*** Opening SUPPLIED MATERIAL ***

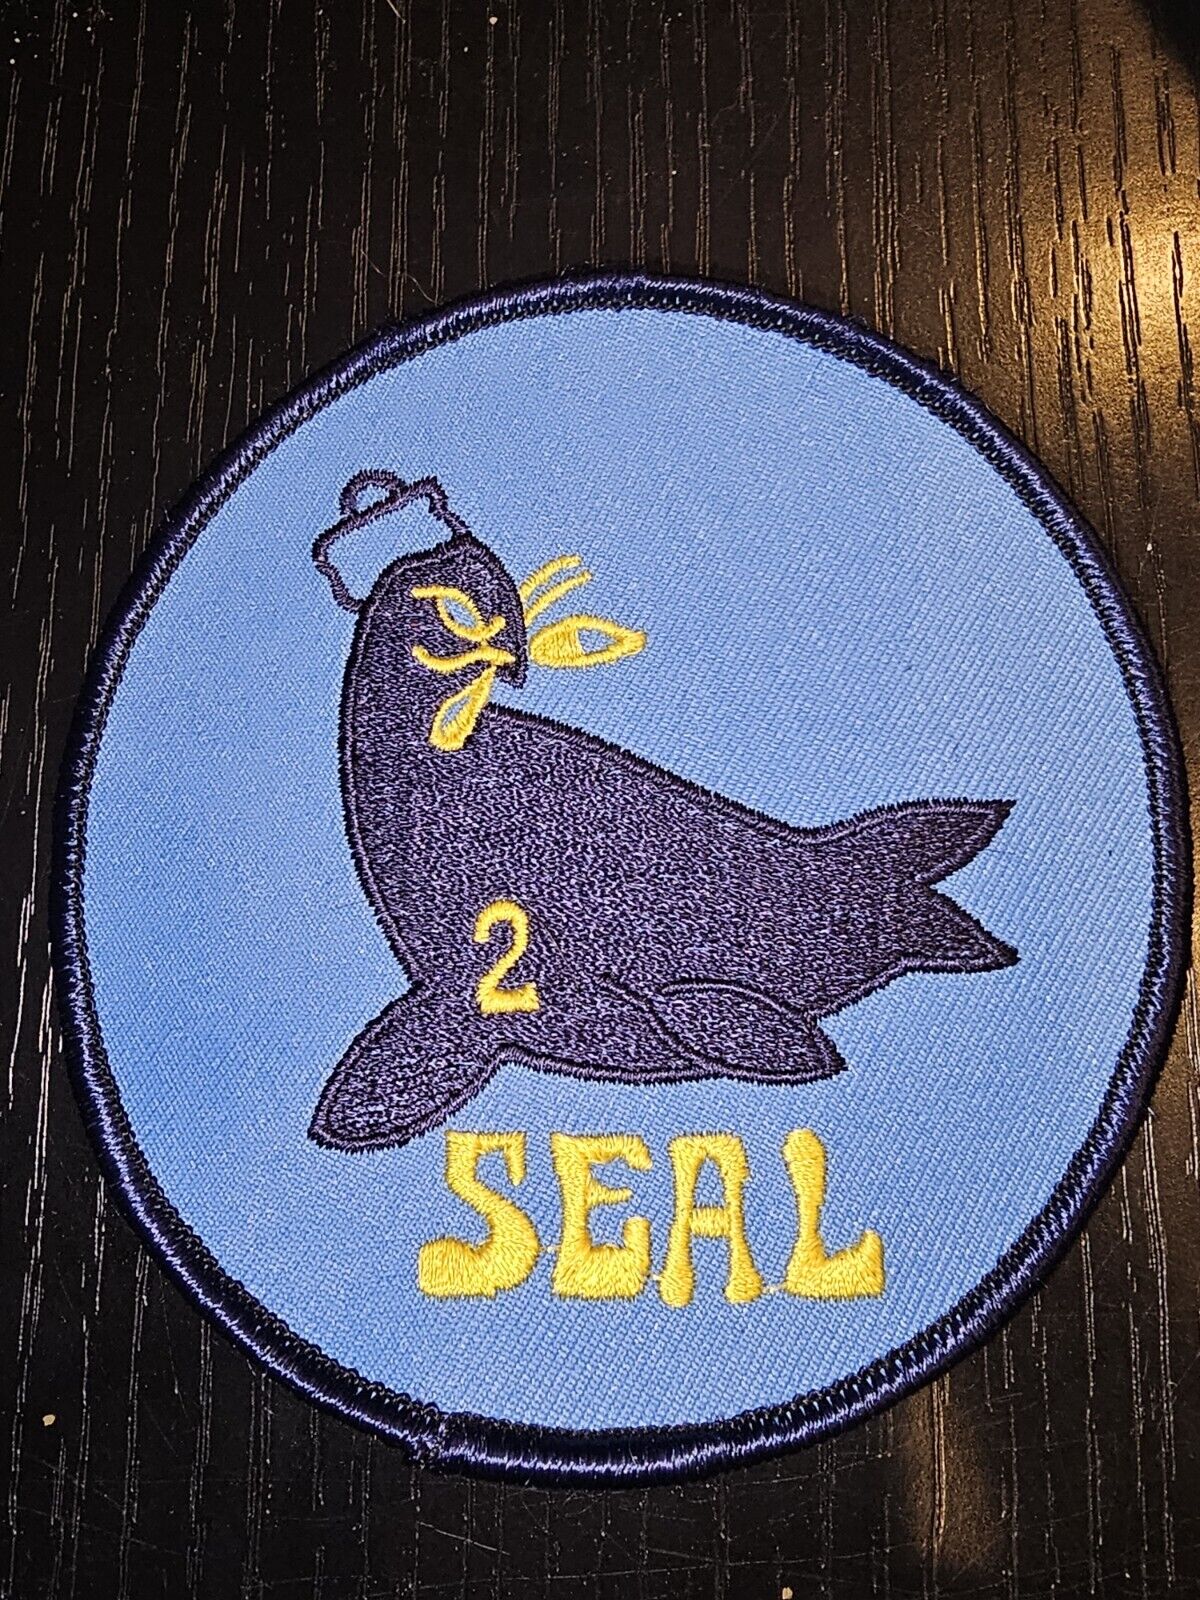 1960s 70s USN Navy Naval SEAL Team 2 Command Patch L@@K
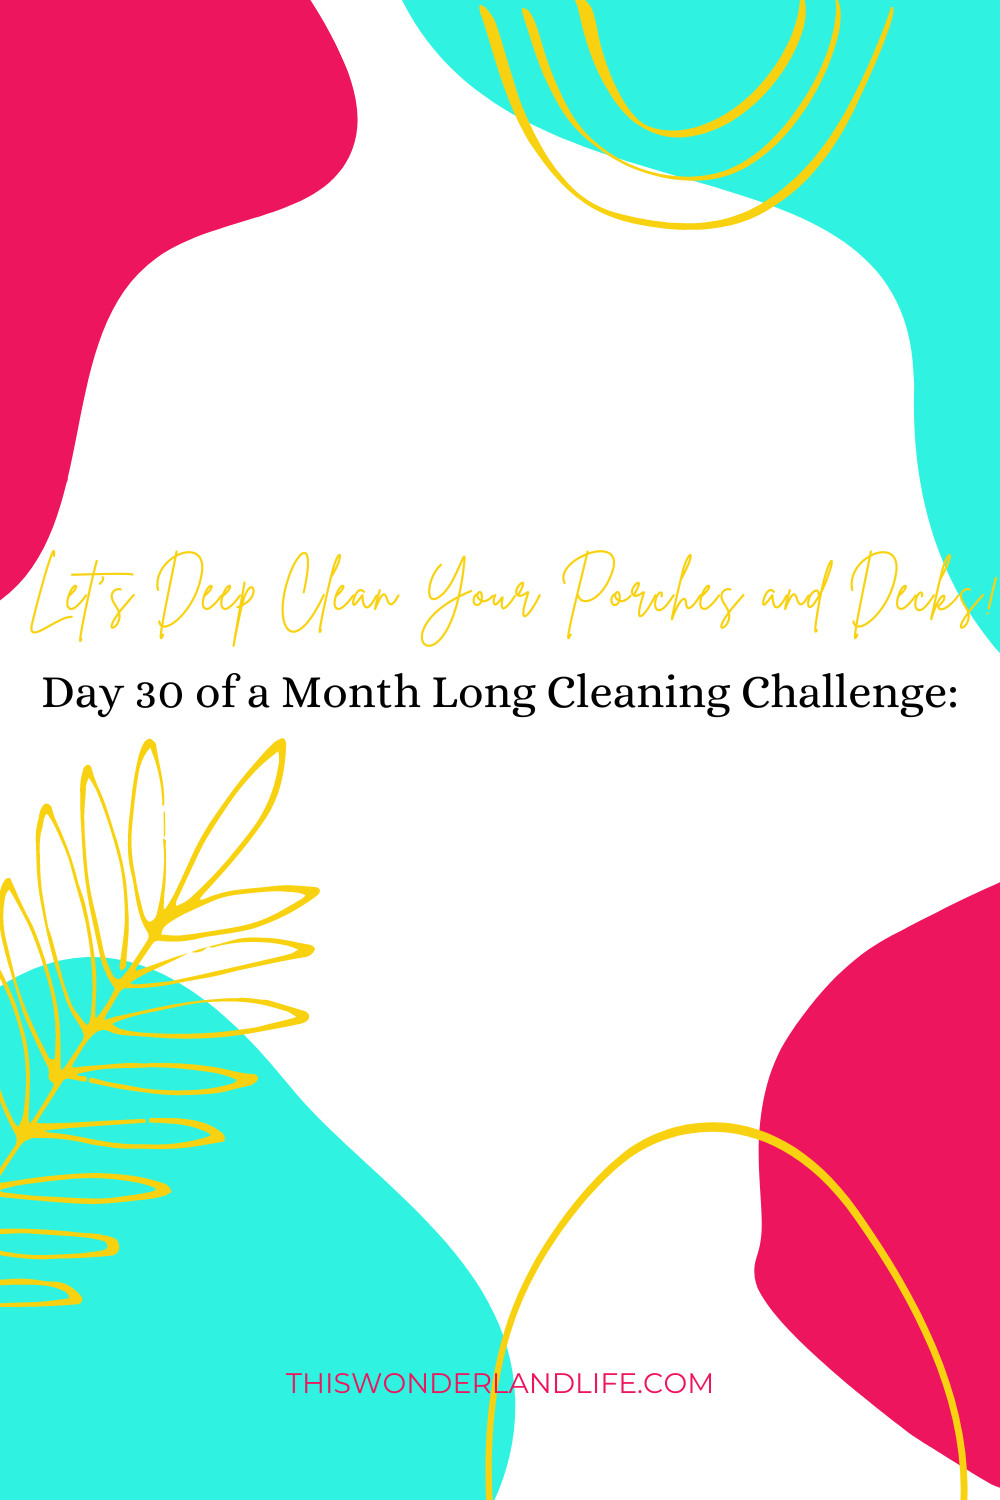 Day 30 of a Month Long Cleaning Challenge: Let's Deep Clean Your Porches and Decks!
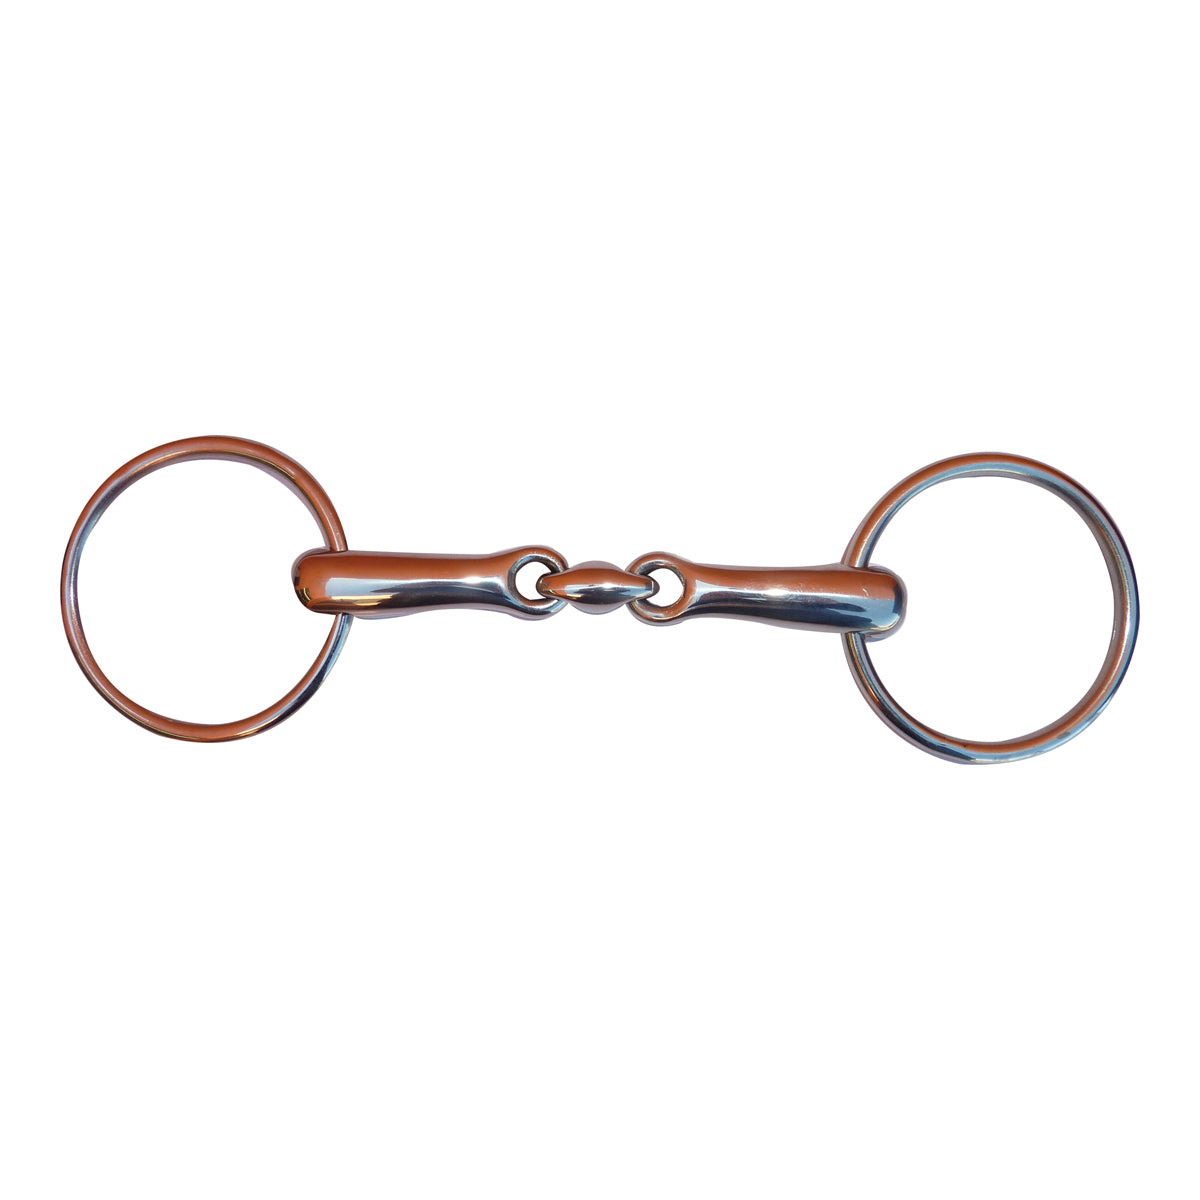 Showcraft - Gold link ring snaffle bit
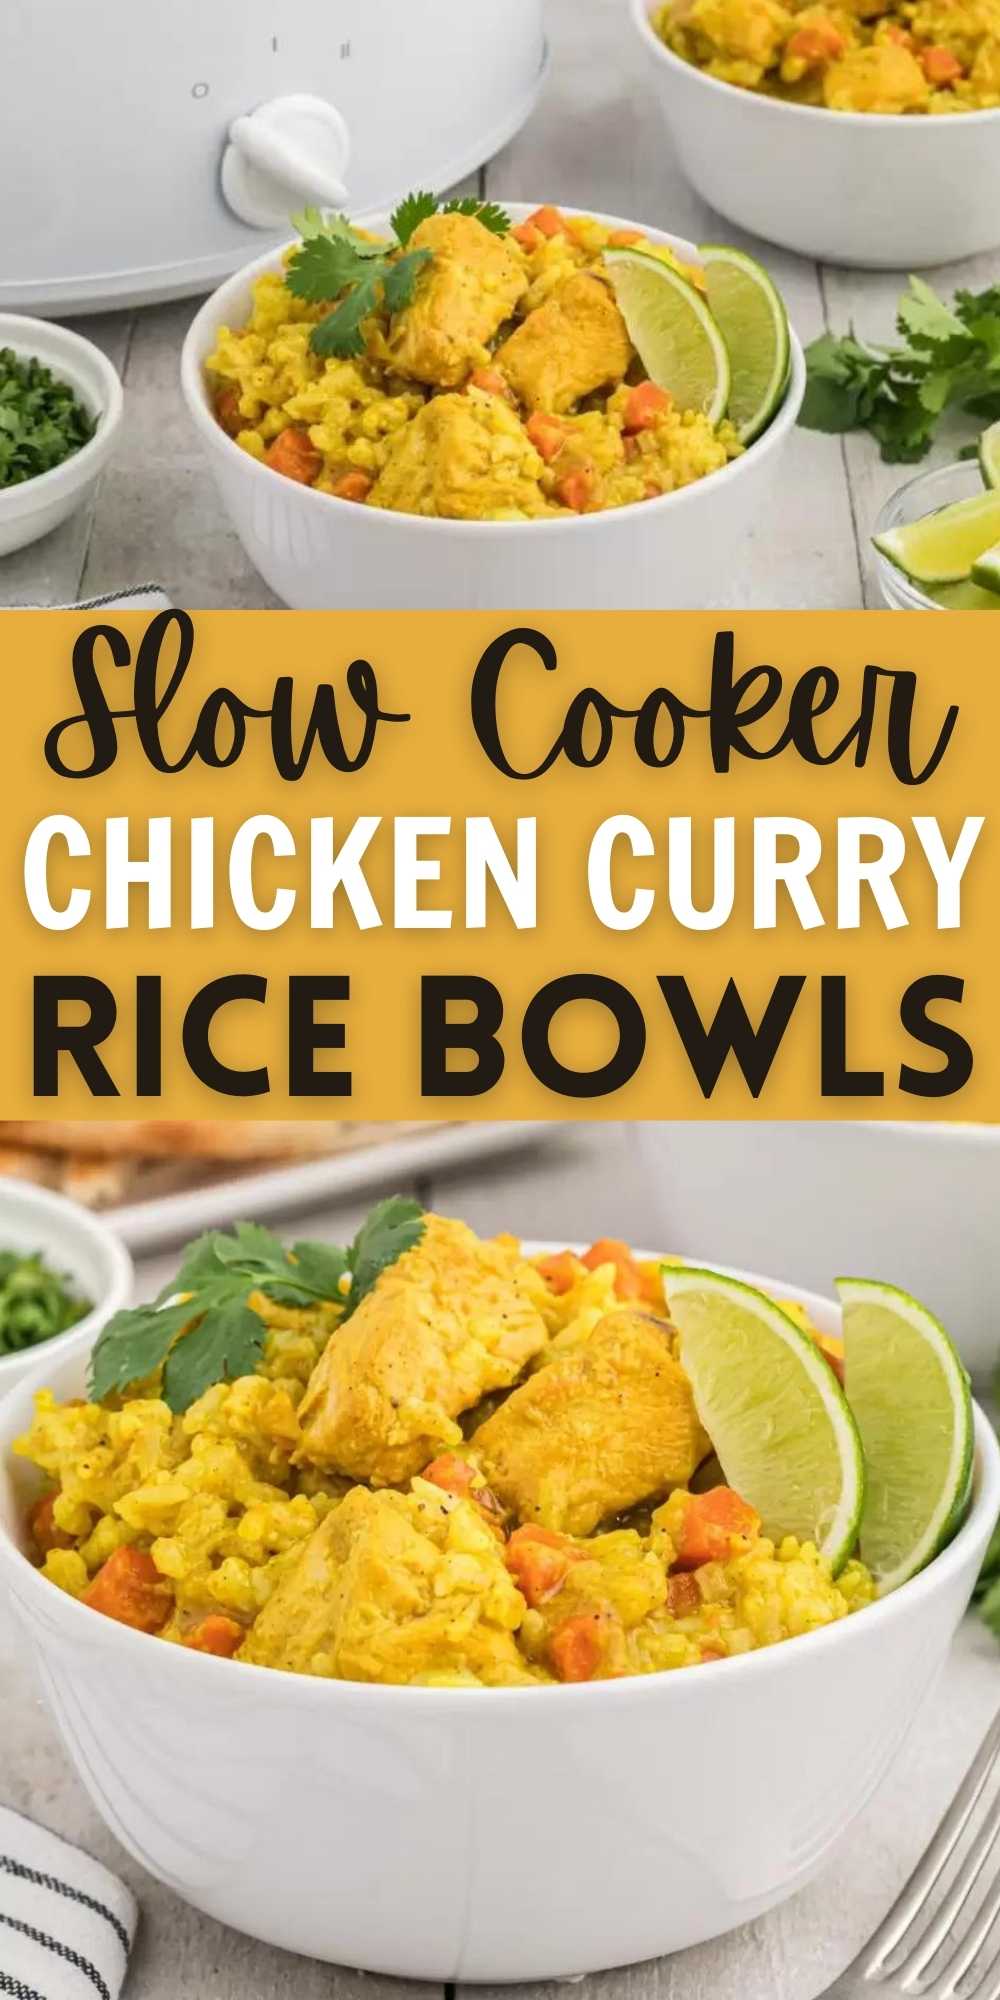 Enjoy all the flavors of chicken curry when you make this Chicken Curry Rice Bowl. Toss everything into the slow cooker and come home to a great dinner. Crock Pot Chicken Curry with Rice is delicious and easy to make in your favorite slow cooker. #eatingonadime #curryrecipes #crockpotrecipes #slowcookerrecipes #chickenrecipes

*** Closing SUPPLIED MATERIAL ***

WHAT THE TASK ASKS: Pictures aside, reproduce exactly the lines from the one containing "Showcraft - Gold link ring snaffle bit" to the end of the listing above, both ends included.

TASK OUTPUT:
 Showcraft - Gold link ring snaffle bit
 Enjoy all the flavors of chicken curry when you make this Chicken Curry Rice Bowl. Toss everything into the slow cooker and come home to a great dinner. Crock Pot Chicken Curry with Rice is delicious and easy to make in your favorite slow cooker. #eatingonadime #curryrecipes #crockpotrecipes #slowcookerrecipes #chickenrecipes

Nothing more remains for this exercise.